HN goes through phases. I remember when patio11 was the star of the hour on here. At another time it was that security guy (can't remember his name).

And for those who think it's just organic with all of the upvotes, HN absolutely does have a +/- comment bias for users, and it does automatically feature certain people and suppress others.

rymc 3 hours ago|||

the security you mean is probably tptacek (https://news.ycombinator.com/user?id=tptacek)

imiric 3 hours ago|||

> And for those who think it's just organic with all of the upvotes, HN absolutely does have a bias for authors, and it does automatically feature certain people and suppress others.

Exactly.

There are configurable settings for each account, which might be automatically or manually set—I'm not sure–, that control the initial position of a comment in threads, and how long it stays there. There might be a reward system, where comments from high-karma accounts are prioritized over others, and accounts with "strikes", e.g. direct warnings from moderators, are penalized.

The difference in upvotes that account ultimately receives, and thus the impact on the discussion, is quite stark. The more visible a comment is, i.e. the more at the top it is, the more upvotes it can collect, which in turn makes it stay at the top, and so on.

It's safe to assume that certain accounts, such as those of YC staff, mods, or alumni, or tech celebrities like simonw, are given the highest priority.

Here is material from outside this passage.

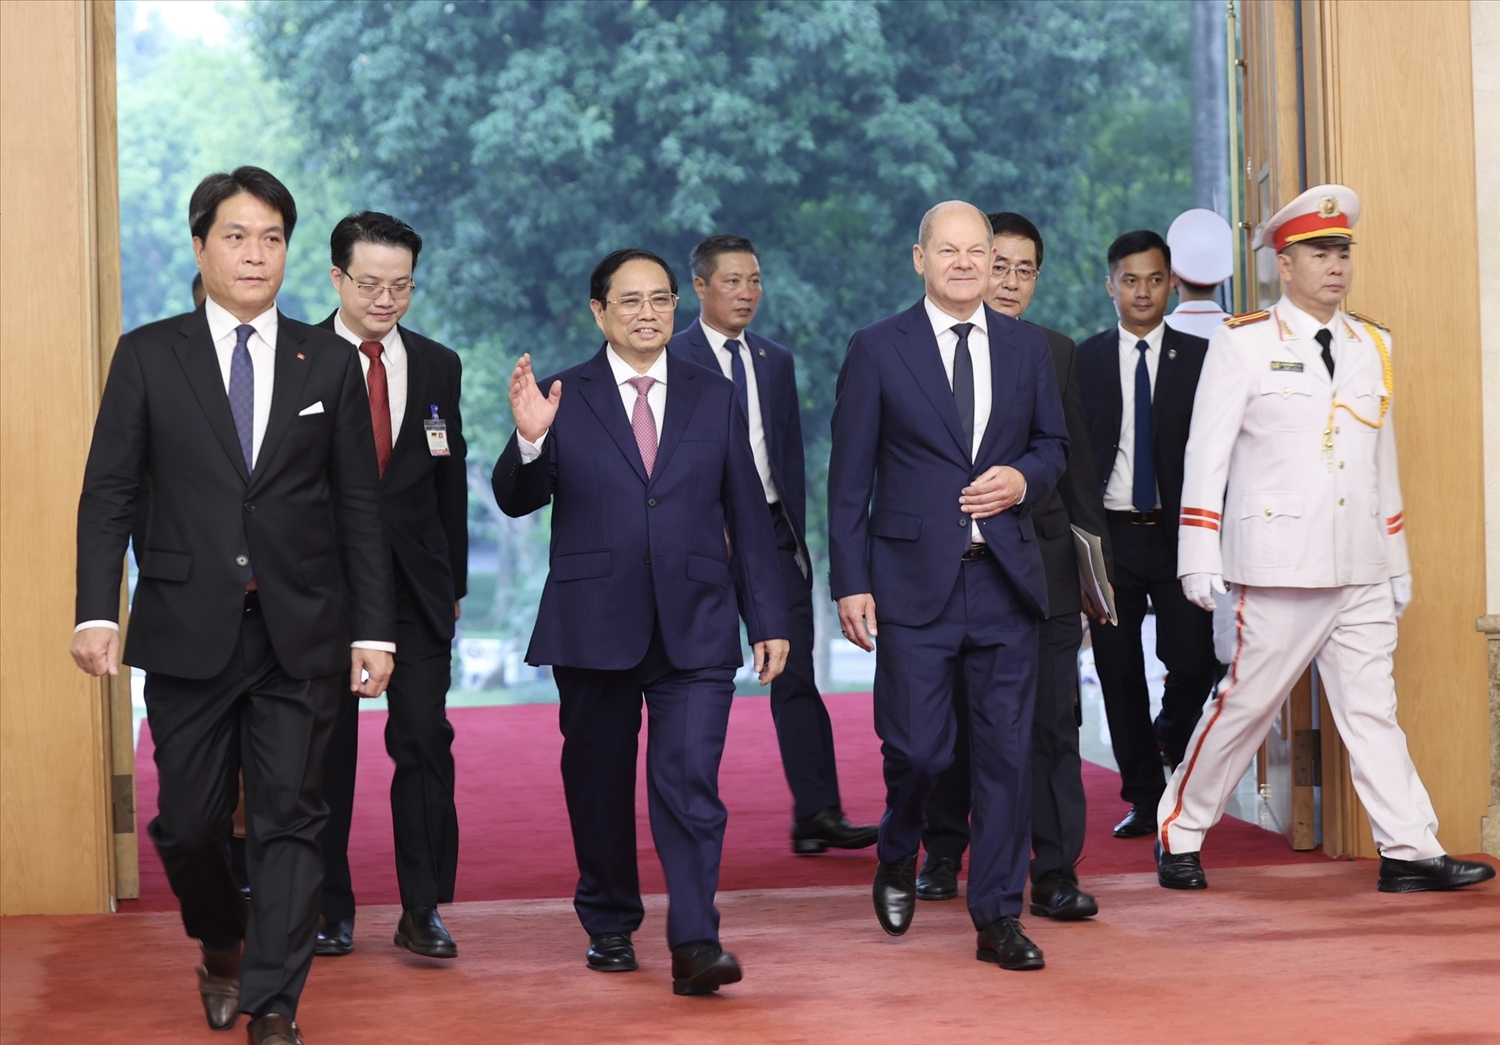 Thủ tướng Chính phủ Phạm Minh Chính và Thủ tướng Olaf Scholz tiến vào phòng hội đàm - Ảnh: VGP/Nhật Bắc

I've noticed this on my own account. Before being warned for an IMO bullshit reason, my comments started to appear near the middle, and quickly float down to the bottom, whereas before they would usually be at the top for a few minutes. The quality of what I say hasn't changed, though the account's standing, and certainly the community itself, has.

I don't mind, nor particularly care about an arbitrary number. This is a proprietary platform run by a VC firm. It would be silly to expect that they've cracked the code of online discourse, or that their goal is to keep it balanced. The discussions here are better on average than elsewhere because of the community, although that also has been declining over the years.

I still find it jarring that most people would vote on a comment depending on if they agree with it or not, instead of engaging with it intellectually, which often pushes interesting comments to the bottom. This is an unsolved problem here, as much as it is on other platforms.

throwaway2027 2 hours ago||||

Time flies and simonw his AI feedback isn't always received favorably, sometimes he pushes it too much.

francispauli 2 hours ago||||

thanks for reminding me i need to follow his blog weekly again

mythz 8 hours ago||

I consider HuggingFace more "Open AI" than OpenAI - one of the few quiet heroes (along with Chinese OSS) helping bring on-premise AI to the masses.

I'm old enough to remember when traffic was expensive, so I've no idea how they've managed to offer free hosting for so many models. Hopefully it's backed by a sustainable business model, as the ecosystem would be meaningfully worse without them.

We still need good value hardware to run Kimi/GLM in-house, but at least we've got the weights and distribution sorted.

data-ottawa 7 hours ago||

Can we toss in the work unsloth does too as an unsung hero?

They provide excellent documentation and they’re often very quick to get high quality quants up in major formats. They’re a very trustworthy brand.

disiplus 7 hours ago|||

Yeah, they're the good guys. I suspect the open source work is mostly advertisements for them to sell consulting and services to enterprises. Otherwise, the work they do doesn't make sense to offer for free.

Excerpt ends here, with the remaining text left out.